For critics, it's better to be interesting than right

For critics, it's better to be interesting than right

Postby CAP » Thu Feb 03, 2011 6:35 am

This is the title from Jonathan Jones' current blog @ The Guardian. Like almost everything Jones' says, I find it utterly wrong.

The argument is that the critic (his example is Denis Diderot preferring Greuze to Boucher, then later, John Ruskin) is not obliged to be correct or right in passing judgement, so much as 'interesting'. Diderot's judgement of Greuze never stood the test of time, but allowed Diderot to formuluate an ideal for painting (basically, that French painting should try and pick up where Dutch genre painting had left off in the preceding century).

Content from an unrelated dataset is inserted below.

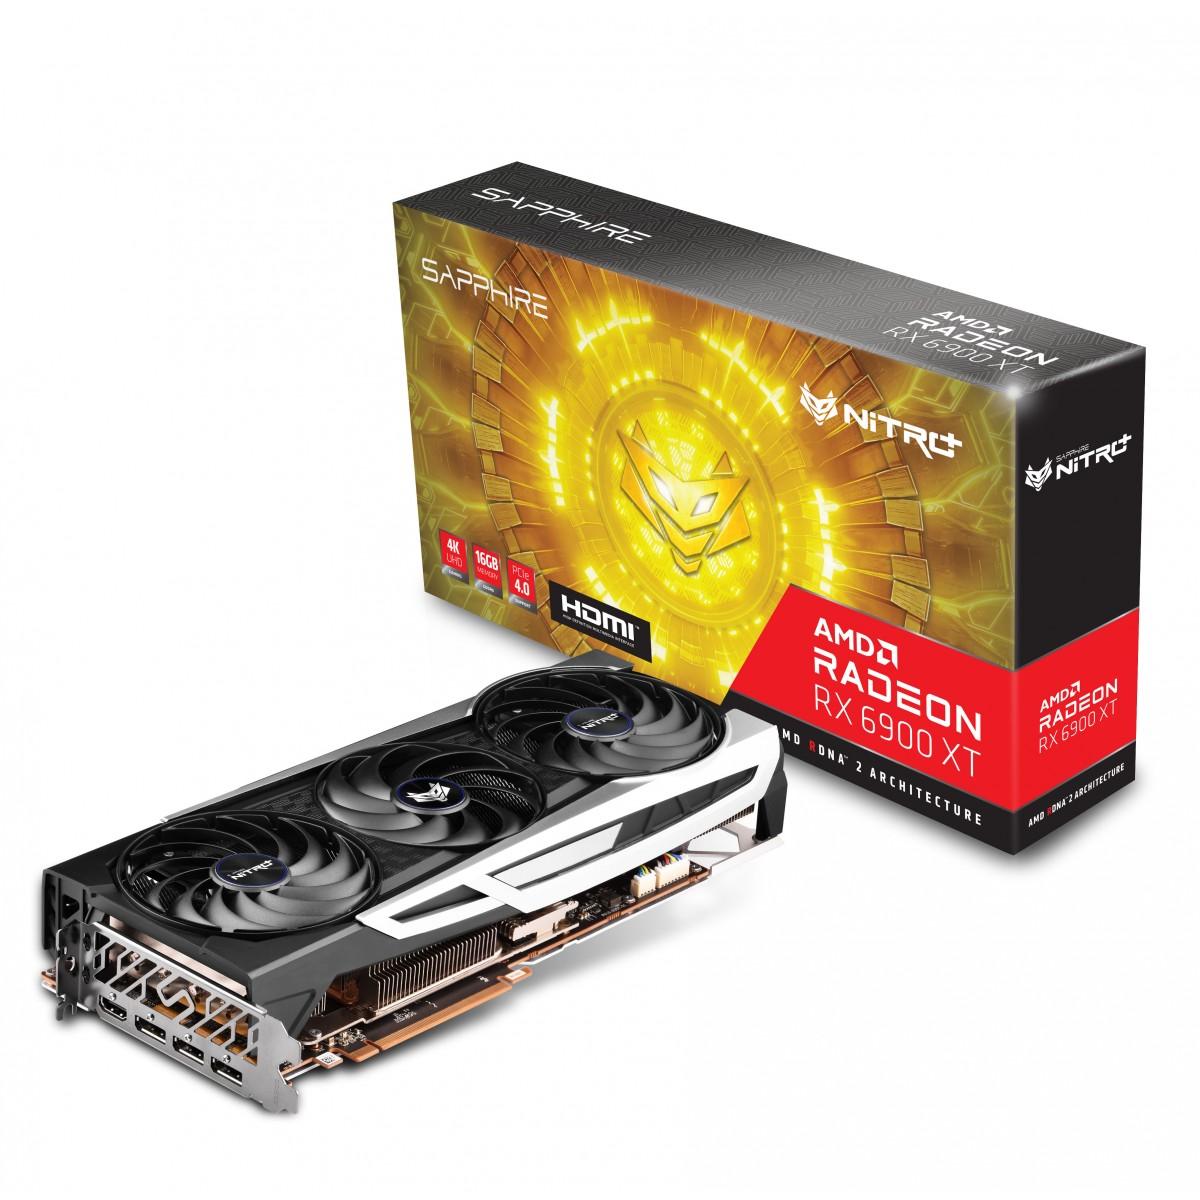 Placa de Vídeo Sapphire Radeon Nitro+ AMD Radeon RX 6900 XT, 16GB, GDDR6, 256bit, 11308-01-20G

Which Jones finds 'interesting'. As usual, Jones misses the point. Diderot may have found more of what he wanted in Greuze than Boucher, but really he preferred Chardin to both. And both would probably have acknowledged old Jean Simeon was in a class above them, and Diderot's standards belonged to an Enlightment they could exploit but not advance. But the point is not to be endlessly amusing, yet trivial (one suspects, an ideal for Jones) but to be NOT ONLY correct BUT ALSO interesting.

The critic may find many true things to say about a work or artist, but many of these will be familiar or trivial. The trick is probe a little deeper, to find what is also true, but less obvious or accepted. Good critics in this sense. struggle for acceptance, much as artists do. But this is a challenge that will be completely alien to Jones' nature or practice.

This post is inspired by the same issue on Edward Winkleman's blog.